Scheme 2 Scope of ipso-hydroxylation chemistry.

In order to further demonstrate the applicability of our reaction conditions, three of the ipso-hydroxylations were conducted at 5 gram-scale by simple scale-up of p-substituted systems. 85–90% isolated yields were obtained with electron-donating (methoxy), electron-withdrawing (cyano) and electron-neutral (H) examples shown in Scheme 3 (2a, 2b and 2g). This suggests that our conditions should be the method of choice for such a transformation conducted at larger scales for synthetic purposes.

Scheme 3 Gram-scale synthesis of phenols.

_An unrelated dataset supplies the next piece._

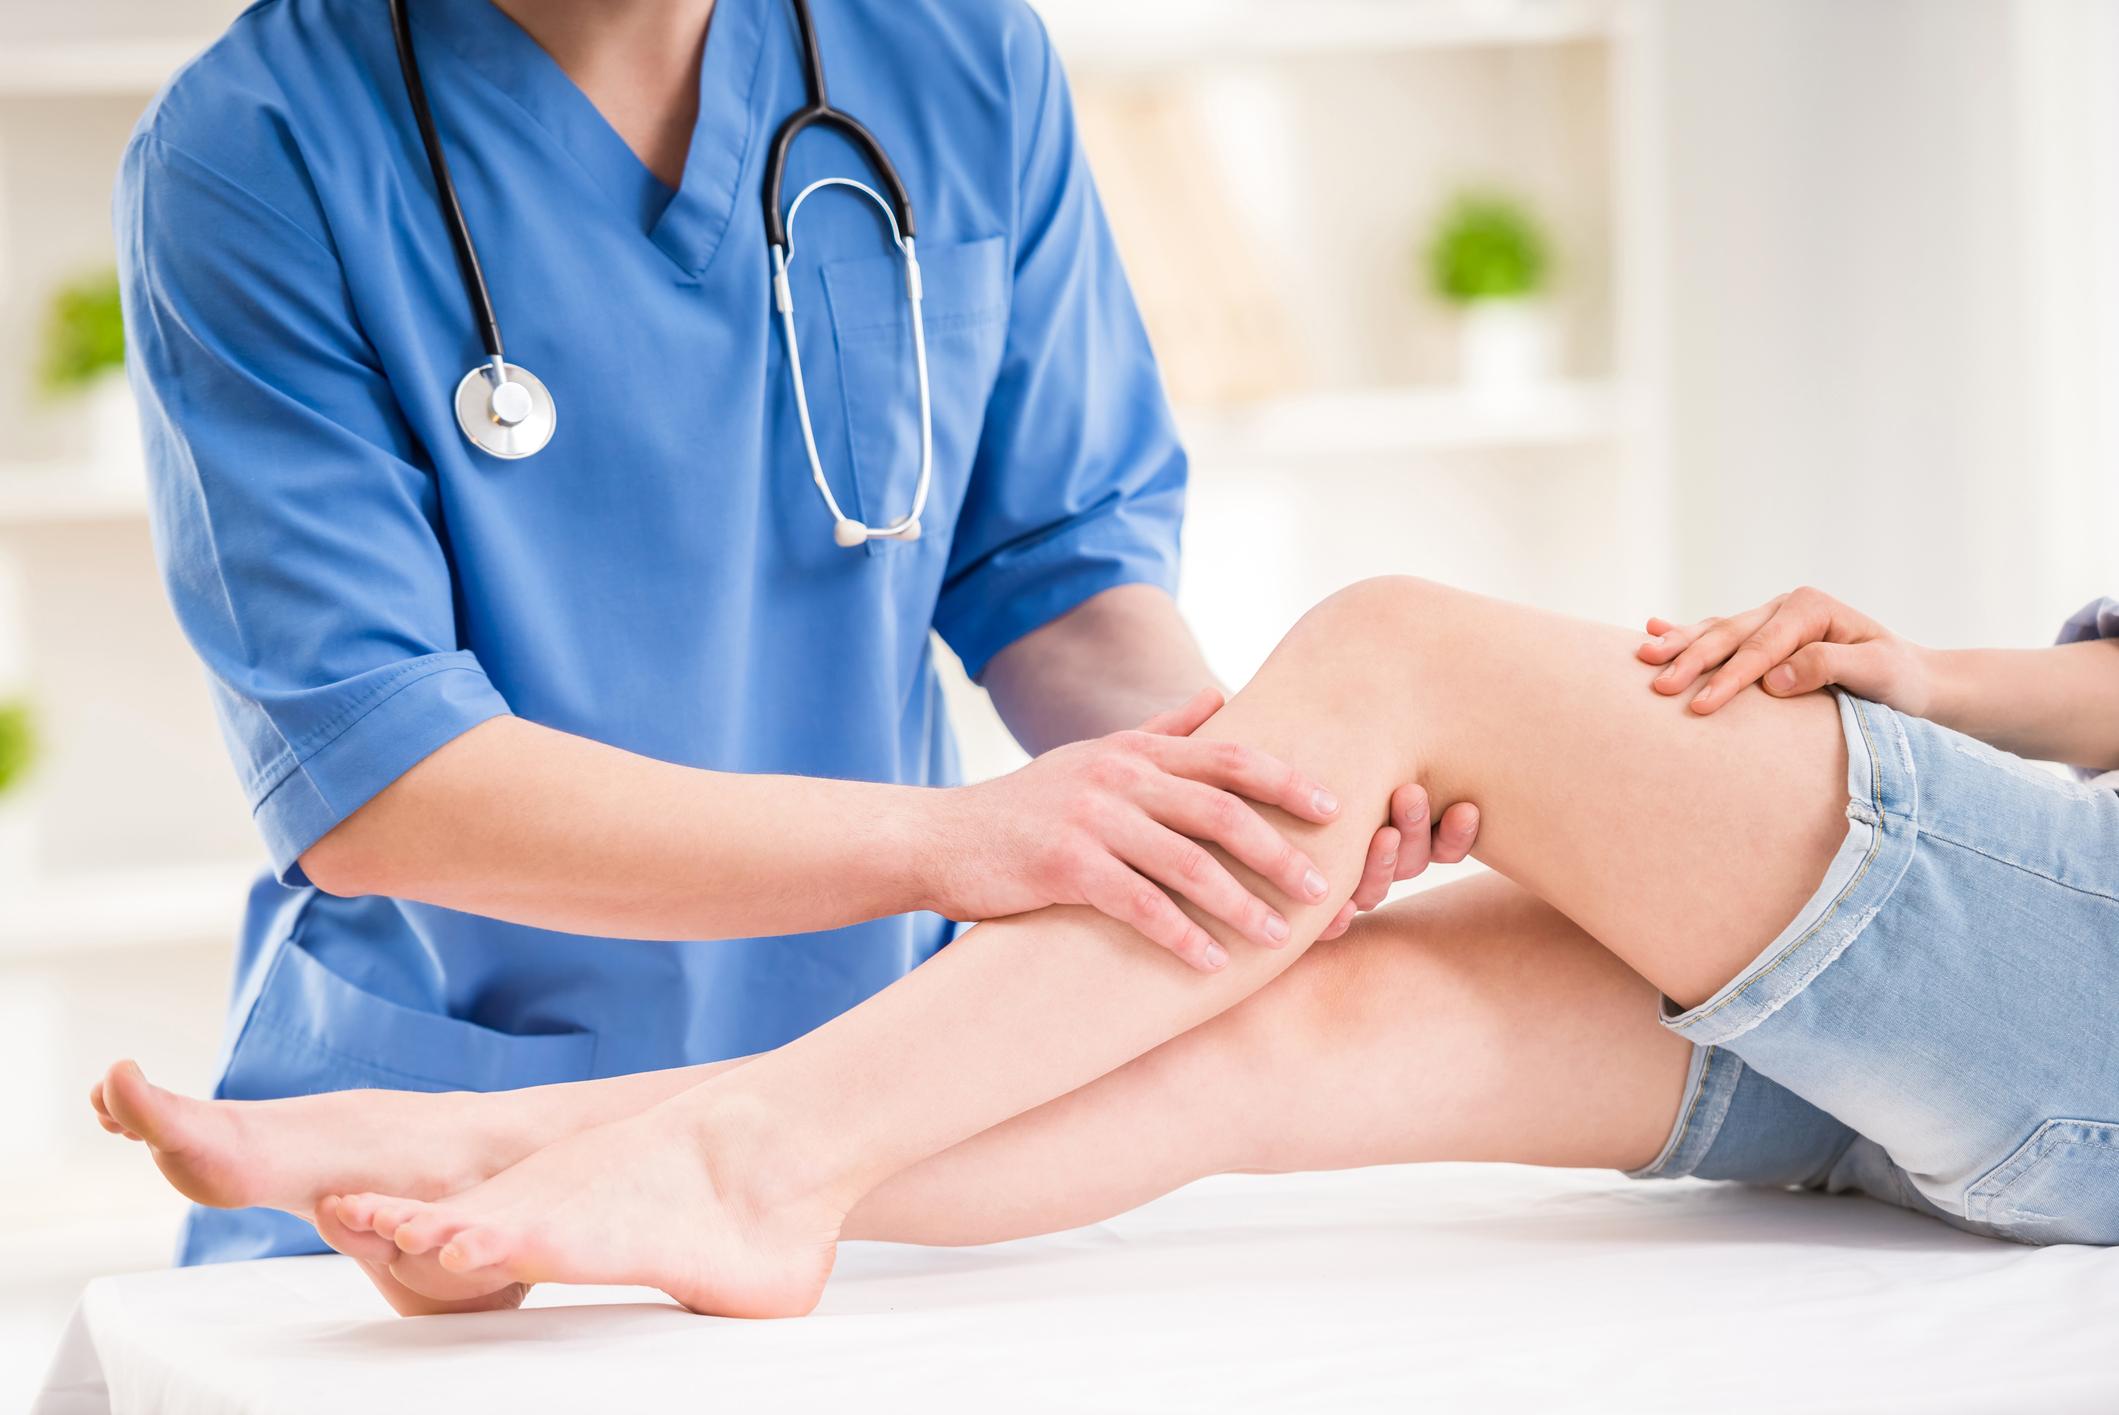 Resultado de imagen para ortopedia

The mechanism for the ipso-hydroxylation of boronic acids is presumed to be as outlined in Scheme 4.¹⁹ The boronic acid can form an adduct with hydrogen peroxide which can undergo rapid proton transfer (particularly in protic solvents) to afford intermediate 1a–H₂O₂–2, set up for 1,2-aryl migration with departure of water, which gives the boronic ester readily amenable to hydrolysis to afford the phenol.

Scheme 4 Hypothesized reaction mechanism for the ipso-hydroxylation of boronic acids.

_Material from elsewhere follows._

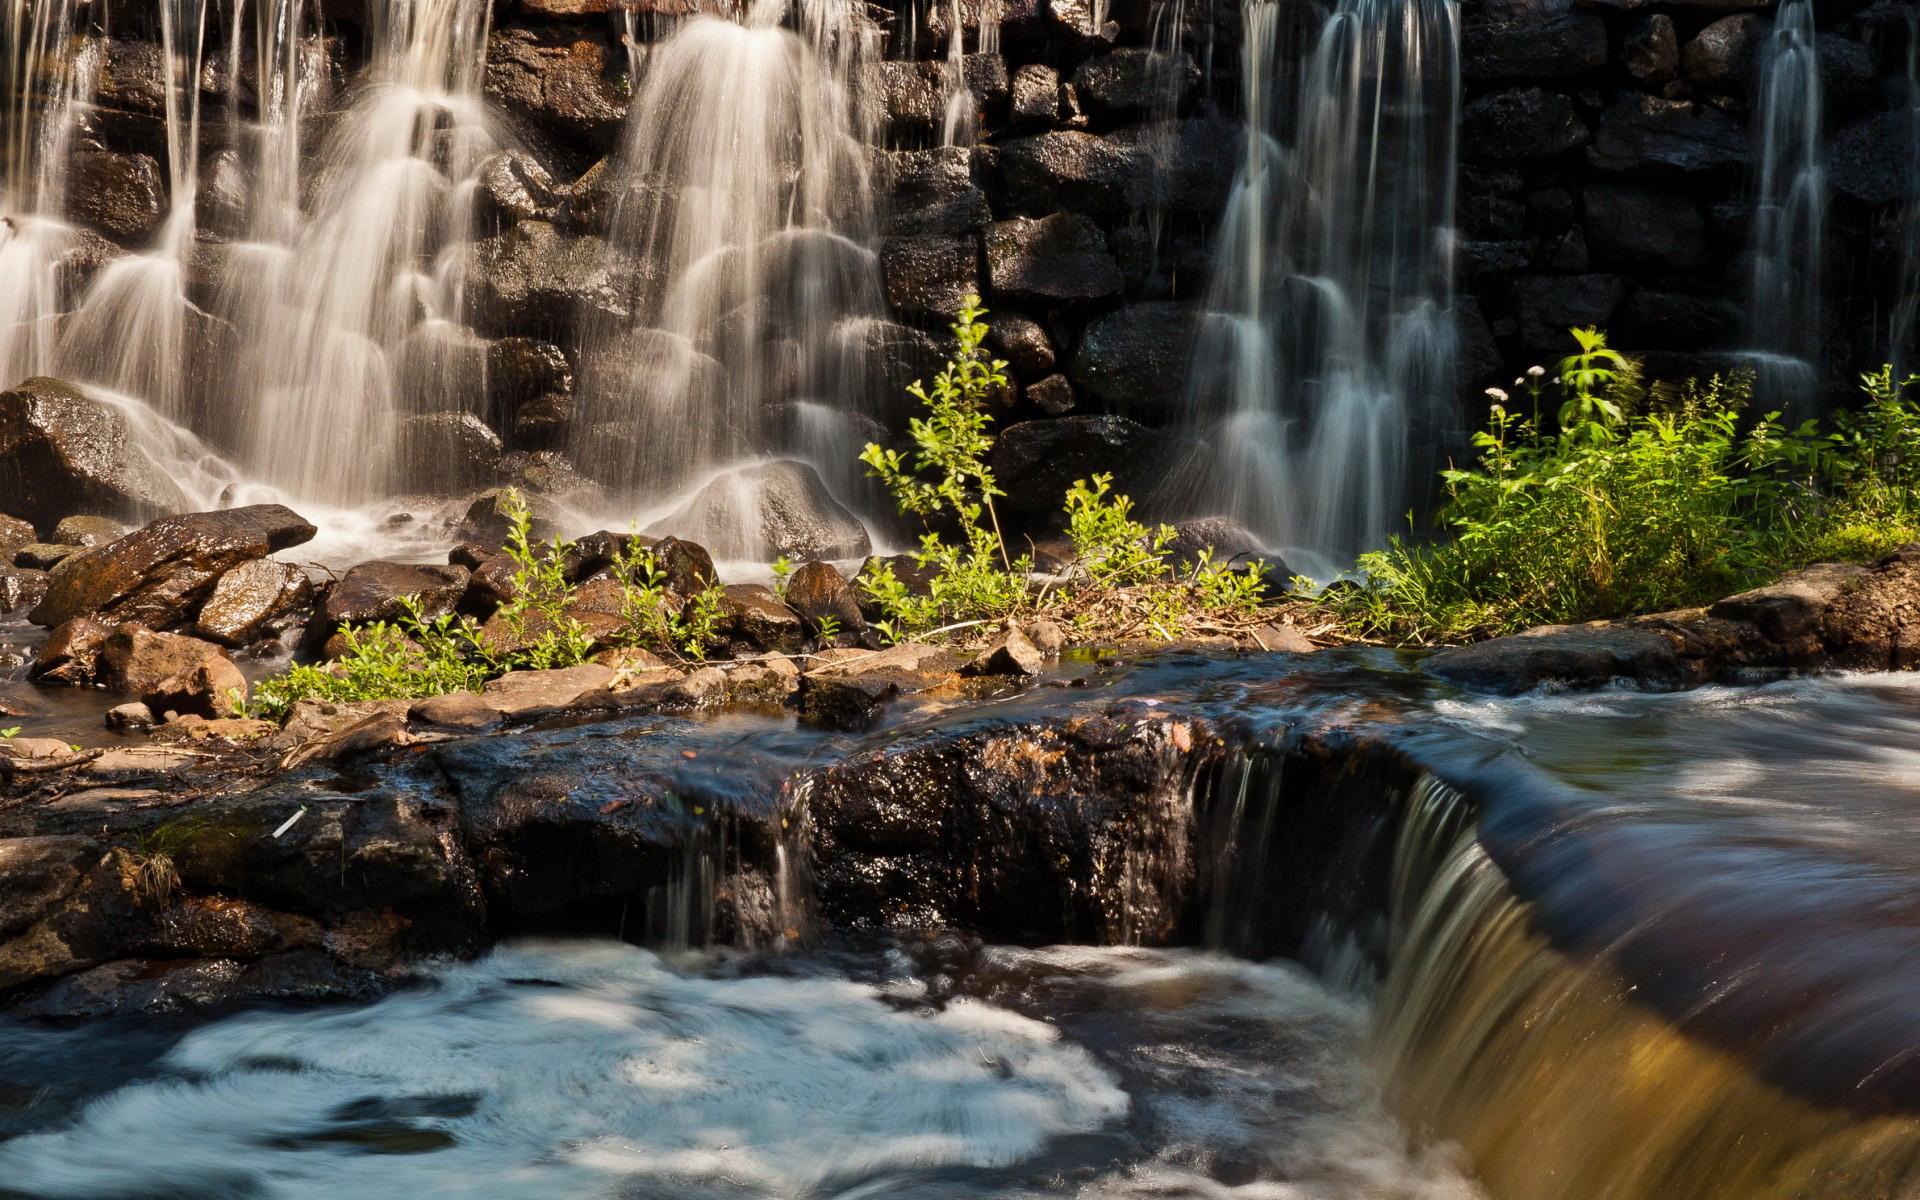 красивые фото водопадов на рабочий стол материалы очень долговечны

Treatment of phenols with HBr under oxidative conditions is known to yield bromophenols via electrophilic aromatic substitution.^10f To our delight, the addition of hydrogen bromide to the ipso-hydroxylation reaction from the very start yielded brominated phenols 3a–k directly (Scheme 5), even though the reaction time was still kept at one minute. This direct one-pot protocol for generation of bromophenols from arylboronic acids is novel. The reaction likely proceeds by tandem ipso-hydroxylation-bromination, both processes which are facilitated by hydrogen peroxide. All the reactions involved must be rapid, since only a minute total reaction time afforded medium to excellent yields of the bromophenols (53–95% yield). The simple phenylboronic acid 1a afforded the tribrominated phenol 3a in excellent 95% yield. The electron-withdrawing p-cyano system 1b gave only slightly diminished yield (89%) of 3b. The remaining p-substituted systems afforded medium to good yields of o-dibrominated products in 52–84% yields. Ortho- and meta-substituted systems afforded ortho,para-dibrominated products in 55–88% yields. The meta-brominated substrate 1j afforded the tetrabromophenol 3j in 52% yield. The para-acetamidoboronic acid 1k afforded the ortho-dibrominated phenol 3k in 54% yield, which represents a formal synthesis of bromo-functionalized pharmaceutical agent paracetamol. In this case, another product 3k′ was also isolated which turned out to be para-bromoacetamidobenzene in 38% yield. This represents a formal ipso-bromination of the boronic acid.²⁰ The tandem ipso-hydroxylation – bromination procedure appears to work quite well with a range of substrate and affords medium to excellent yields of bromophenols. This represents an attractive and direct route to this class of compounds due to its high efficiency and convenient procedure.

Scheme 5 Tandem ipso-hydroxylation-bromination.

Our development of the one minute route to bromophenols, triggered us to investigate whether another reaction could be combined in the same pot in order to access further functionalized phenols. The presence of bromo-substituents would allow access to arylated phenols via cross-coupling chemistry. By generating bromophenols as described above, followed by addition of base, 5 equivalents of a new boronic acid, tetrakispalladiumtriphenylphosphine (6 mol%) and degassing with nitrogen, the Suzuki–Miyaura coupling products 4a–c were generated in 20–67% yields (over 3 steps) upon microwave heating for 30 min (Scheme 6). 4a was formed in diminished 20% yield using 3 equivalents of boronic acid and base with 4 mol% of Pd-catalyst loading. However, by increasing to 5 equivalents of boronic acid and base with 6 mol% of catalyst loading (2 mol% per coupling), the yields increased to 65% and 67% for 4b and 4c, respectively. Over 3 steps this is close to 90% average yield per step (unoptimized), thus, it constitutes an impressive one-pot procedure for generating such highly substituted phenols. Furthermore, 4b is not symmetrical and demonstrates that this methodology can be applied to generate relatively complex phenols.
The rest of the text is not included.